Saat masa penjajahan dulu kita harus mengandalkan fisik. Malam – malam harus secara diam – diam bersembunyi agar tidak di tangkap oleh penjajah. Dulu perjuangan harus melalui berperang terbuka menggunakan bambu runcing, menggunakan senjata.Tidak segan – segan para penjajah menembak atau lebih parahnya membunuh warga indonesia saat itu.
Karena Indonesia juga kaya akan rempah – rempah para penjajah juga tidak segan – segan mengambil SDA kita untuk di kirim ke negaranya. Memang sebenarnya tujuan dari penjajah tersebut adalah mengambil seluruh SDA dan SDM negara kita. Beberapa SDA yang mereka ambil adalah tembakau, dll. Tetapi mereka menguasai negara kita dengan cara memperbudak warga indonesia
Jaman dulu perekonomian indonesia termonopoli oleh penjajah contohnya Belanda memonopoli Jawa. Belanda memonopoli perdagangan komoditi-komoditi ekspor di Jawa. Terlebih lagi, pihak Belanda lah yang memutuskan jenis (dan jumlah) komoditi yang harus diproduksi oleh para petani Jawa. Secara umum, ini berarti para petani Jawa harus menyerahkan seperlima dari hasil panen mereka kepada Belanda. Sebagai gantinya, para petani menerima kompensasi dalam bentuk uang dengan harga yang ditentukan Belanda tanpa memperhitungkan harga komoditi di pasaran dunia. Para pejabat Belanda dan Jawa menerima bonus bila residensi mereka mengirimkan lebih banyak hasil panen dari waktu sebelumnya, maka mendorong intervensi top-down dan penindasan.
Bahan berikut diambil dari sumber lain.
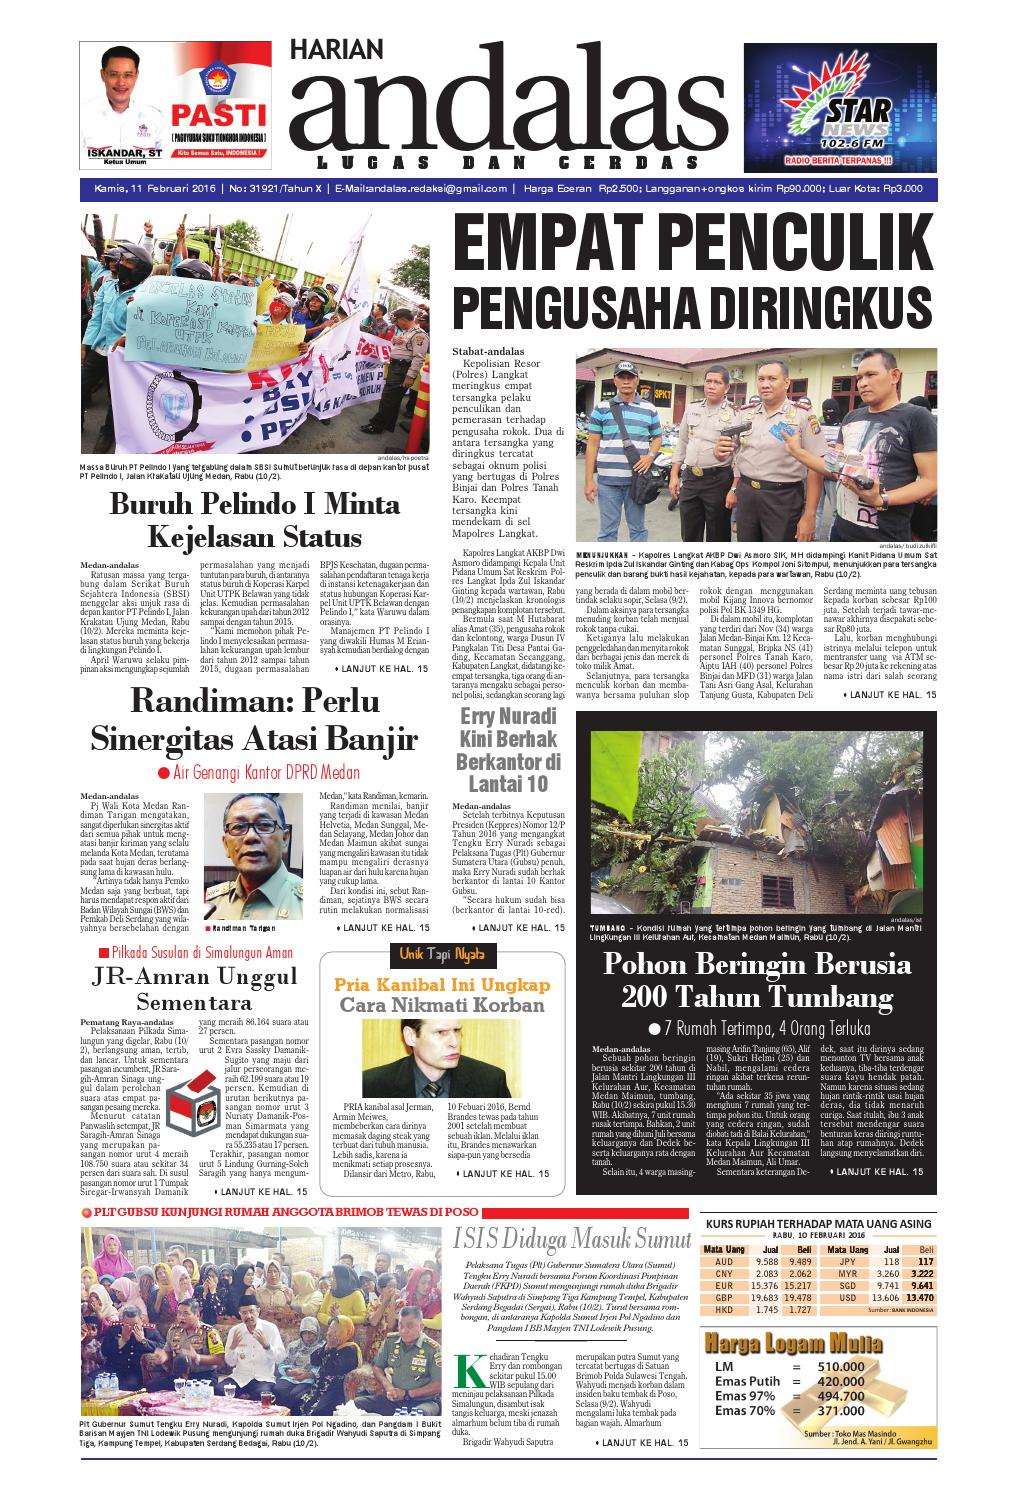 Epaper Andalas Edisi Kamis 11 Februari 2016 By Media Issuu Fcenter Lemari Pakaian Wd Hk 1802 Sh Jawa Tengah

Selain pemaksaan penanaman dan kerja rodi, pajak tanah Raffles juga masih berlaku. Sistem Tanam Paksa menghasilkan kesuksesan keuangan. Antara tahun 1832 dan 1852, sekitar 19% dari total pendapatan pemerintah Belanda berasal dari koloni Jawa. Antara tahun 1860 dan 1866, angka ini bertambah menjadi 33%.

§    PENJAJAHAN JAMAN NOW


Penjajahan jaman now memiliki konteks yang sangat berbeda dengan dulu. Jaman dulu terjadi kontak fisik tetapi sekarang tidak. Mungkin banyak orang berpikir bahwa kita sudah merdeka tapi nyatanya Indonesia belum benar – benar terlepas dari penjajahan. 
Contoh yang pertama adalah Korupsi. Para pemimpin yang terus mengambil uang rakyat yang bukan hak mereka. Korupsi merupakan suatu hal yang benar-benar menghambat kemajuan bangsa Indonesia dan anehnya mereka sadar bahwa mereka salah tapi tetap saja senyuman tak hilang dari wajahnya atau bahkan tidak malu
Contoh yang kedua adalah masyarakat yang enggan memakai produk buatan Indonesia. Mereka berpikir bahwa produk luar negeri lebih dipandang orang dan bisa menaikan derajat suatu individu, serta produk dalam negeri yang kurang diminati masyarakat. banyak remaja yang gengsi memiliki barang dari negara sendiri.
Contoh lainnya adalah karena teknologi berkembang secara pesat, maka setiap individu pasti memiliki handphone. setiap hari handphone digenggam ditangan. Namun inilah yang menyebabkan generasi kita adalah generasi "nunduk". Setiao bertemu hanya bermain handphone tidak bercengkrama. 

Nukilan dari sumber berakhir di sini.